6.  Procedures for Ingress BGP Speaker

   Upon receiving a BGP update, the receiving BGP Speaker will look for
   Tunnel Encapsulation attribute.  If the tunnel type carried in the
   Tunnel Encapsulation attribute is SRm6, the BGP updates is said to be
   carrying the SRm6_NLRI and the Label field in the Network Layer
   Reachability Information is treated as Tunnel Payload Forwarding
   information (TPF).

   The tuple (TPF information, Prefix) is programmed in the forwarding
   infrastructure of the router.  The manner in which this tuple is
   stored in the router is outside the scope of this document.  If SRm6
   has been enabled on the router, such a tuple SHOULD be used for
   encoding the Destination Options Header as described in
   [I-D.bonica-6man-vpn-dest-opt].

   The [I-D.ietf-idr-tunnel-encaps] describes how Tunnel Endpoint Sub-
   TLV has to be processed.  It also describes the usage of the Protocol
   type Sub-TLV and the Color Sub-TLV.  This may be used by the ingress
   BGP router to select the payload packets that should be put on SRm6
   path.

   The Embedded Label Handling Sub-TLV value that is set to 3 indicates
   that ingress BGP router to use the value of label field to construct
   the Tunnel Payload Forwarding Option that is inserted in the
   Destination Options Header of the Tunnel IPv6 packet.

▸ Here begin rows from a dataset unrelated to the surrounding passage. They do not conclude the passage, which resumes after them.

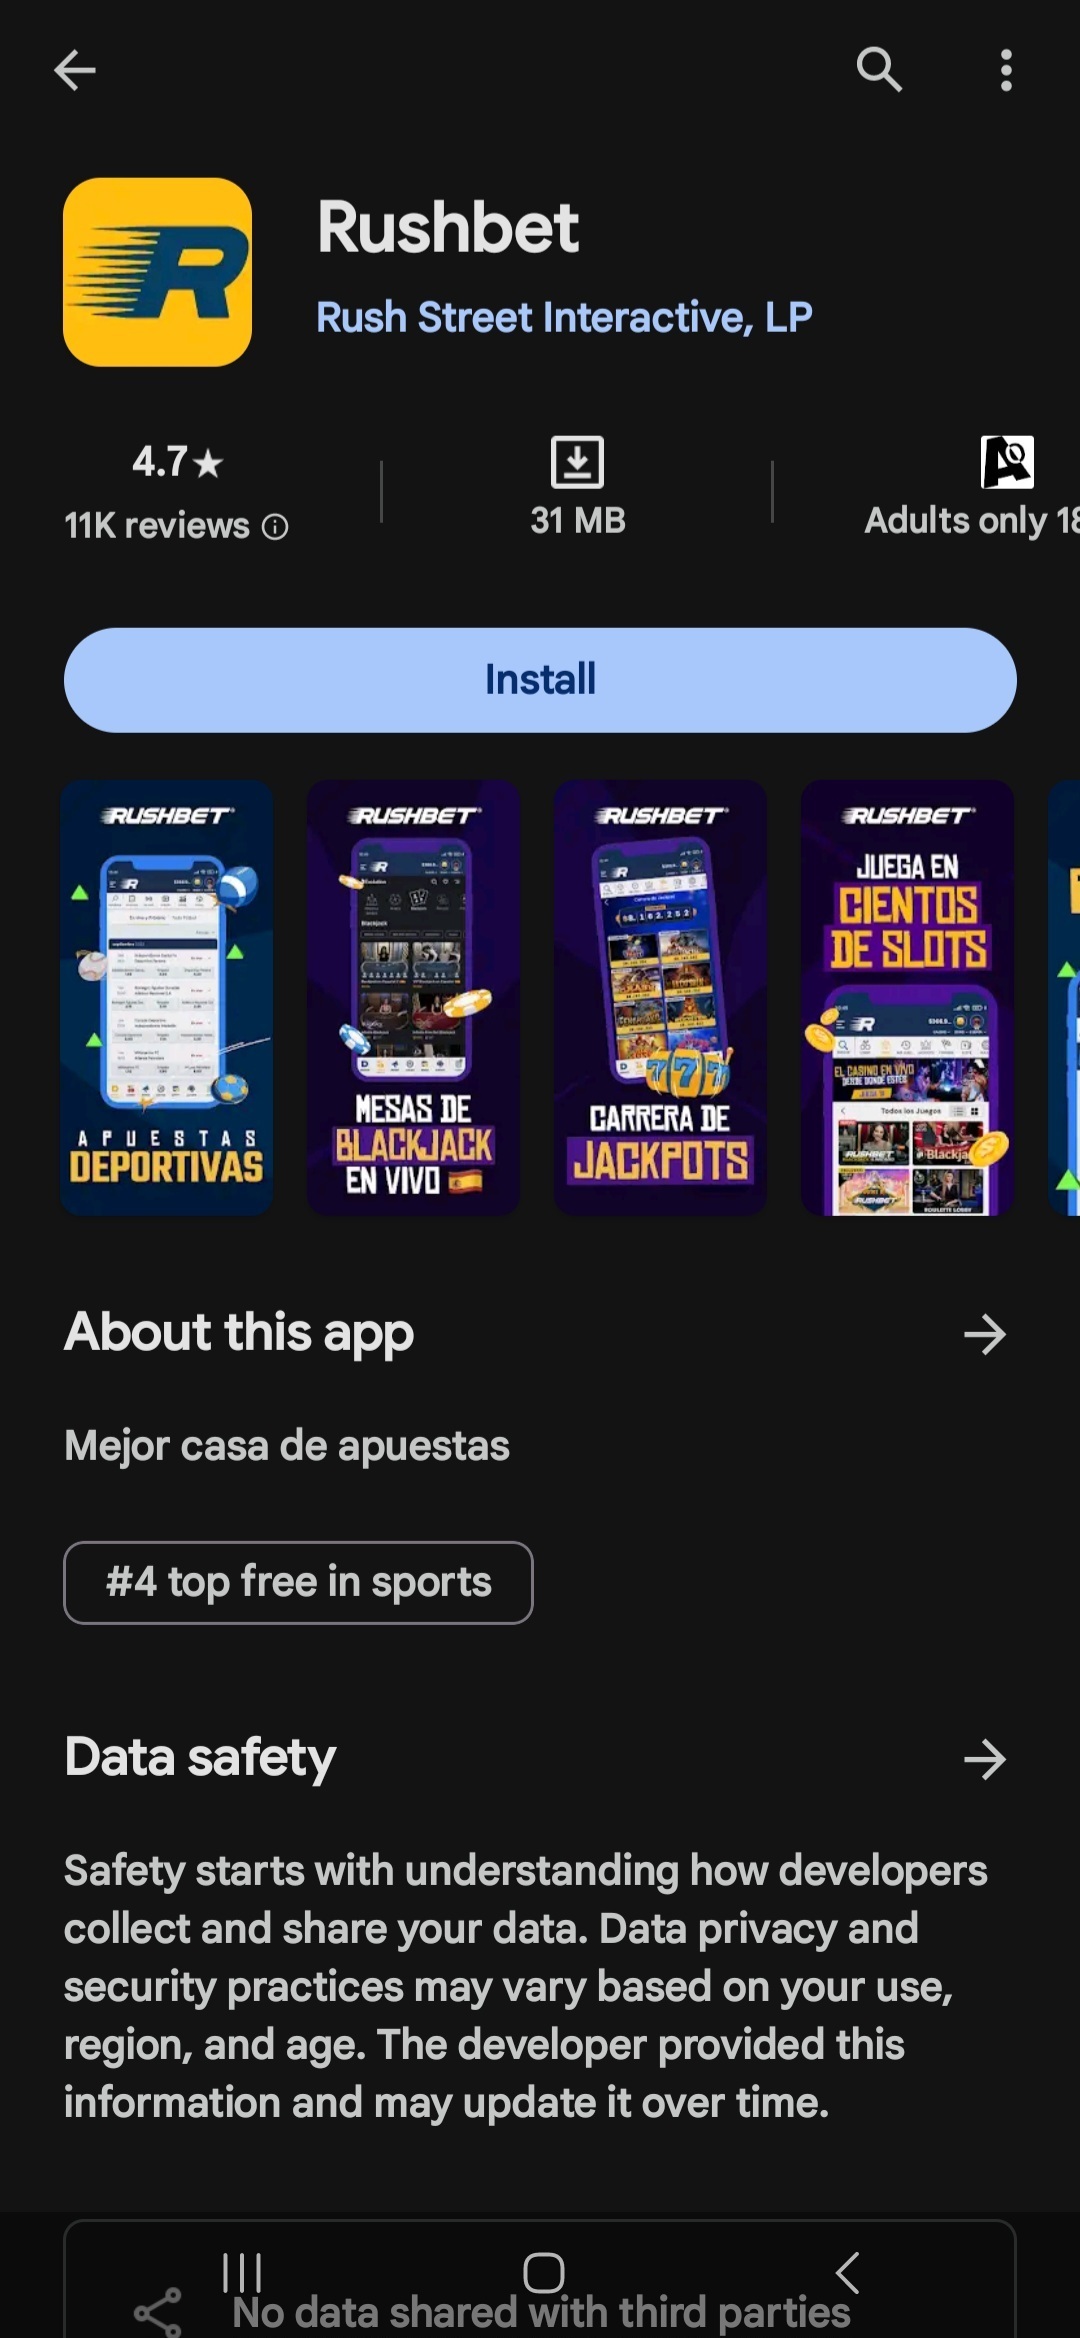 Página de aplicación móvil de Rushbet Colombia en Google Play Store (versión Android)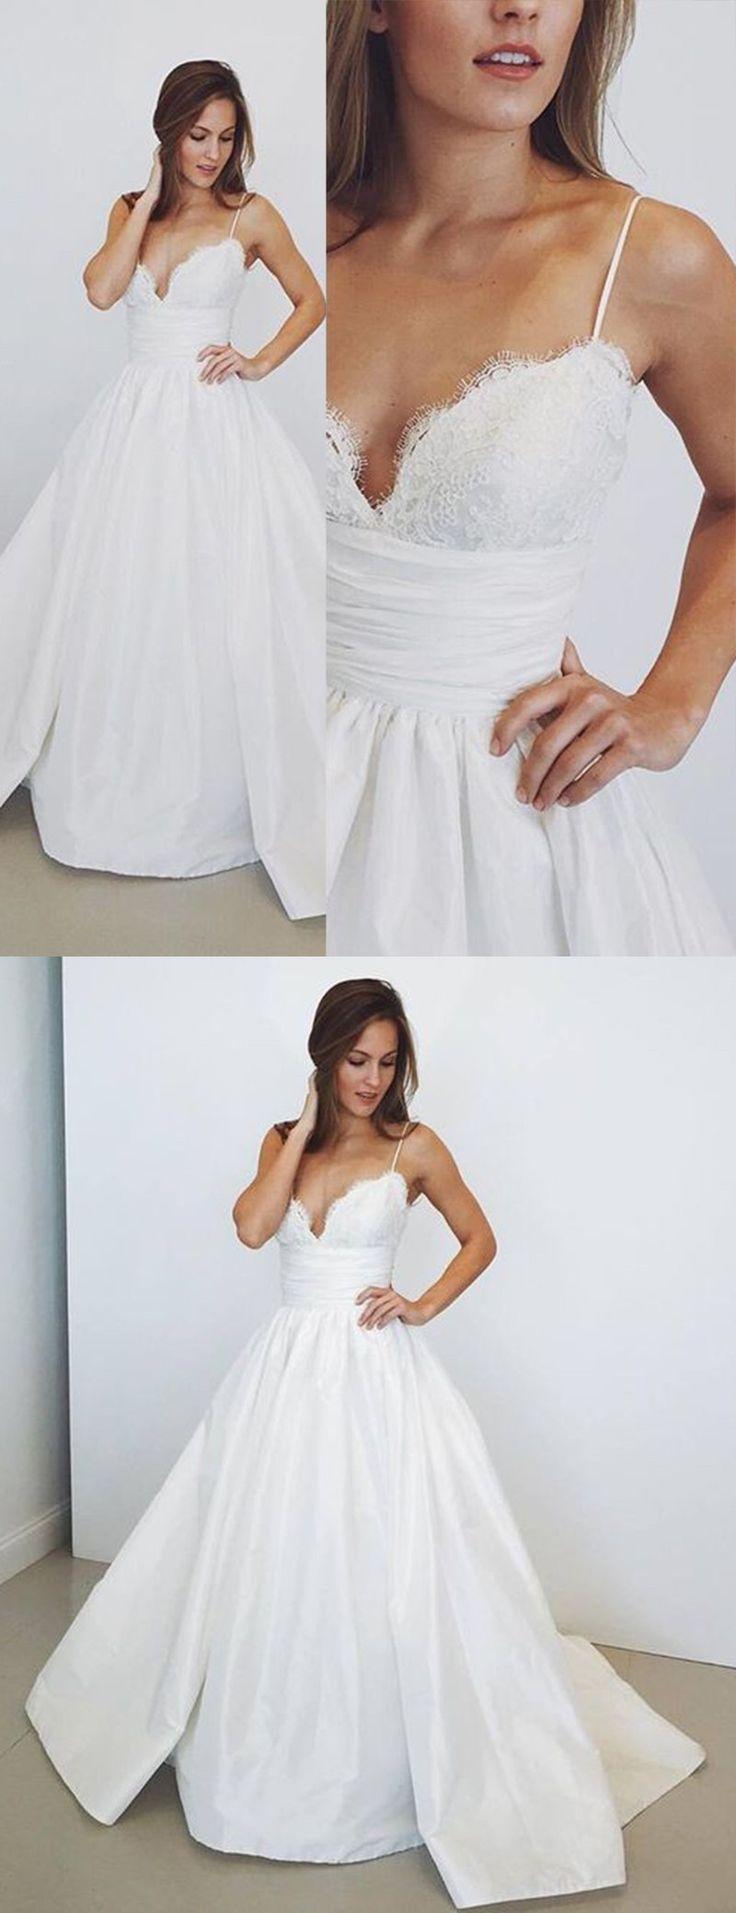 زفاف - Stunning Spagnetti Straps A-line Long Wedding Dress With Lace Top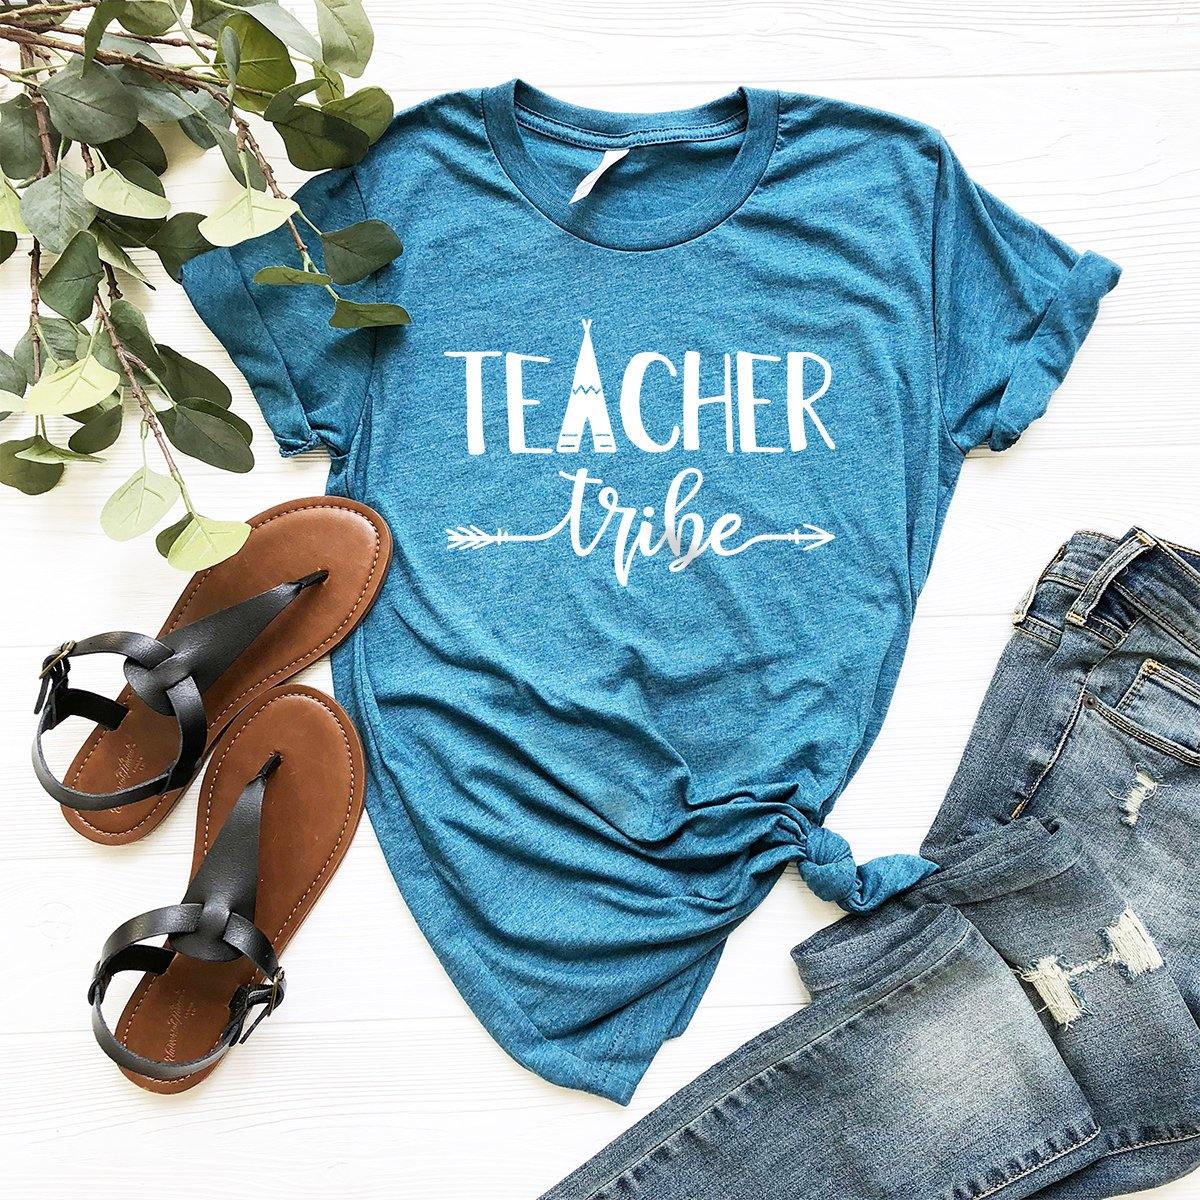 Teacher Tribe T-Shirt, Teacher Gifts, Funny Teacher Shirt, Cute Educator Tee, Teacher Life Shirt, Best Teacher Tshirt, Custom Teacher Shirt - Fastdeliverytees.com

7.  BGP Nexthop and Tunnel Endpoint address handling procedures

   The BGP Nexthop attribute handling procedures are described in
   [RFC4271] while [RFC4760] describe the handling procedures for the
   Nexthop field in the MP_REACH attribute.  The target="I-D.ietf-idr-
   tunnel-encaps"/> describes the Tunnel Endpoint sub-TLV in the Tunnel
   Encapsulation Attribute as the next hop address to which the prefix
   should be forwarded to.  If a BGP update has such a Tunnel
   Encapsulation Attribute it prescribes that the Tunnel Endpoint Sub-
   TLV if non-zero, MUST be used as the next hop to send the packet to.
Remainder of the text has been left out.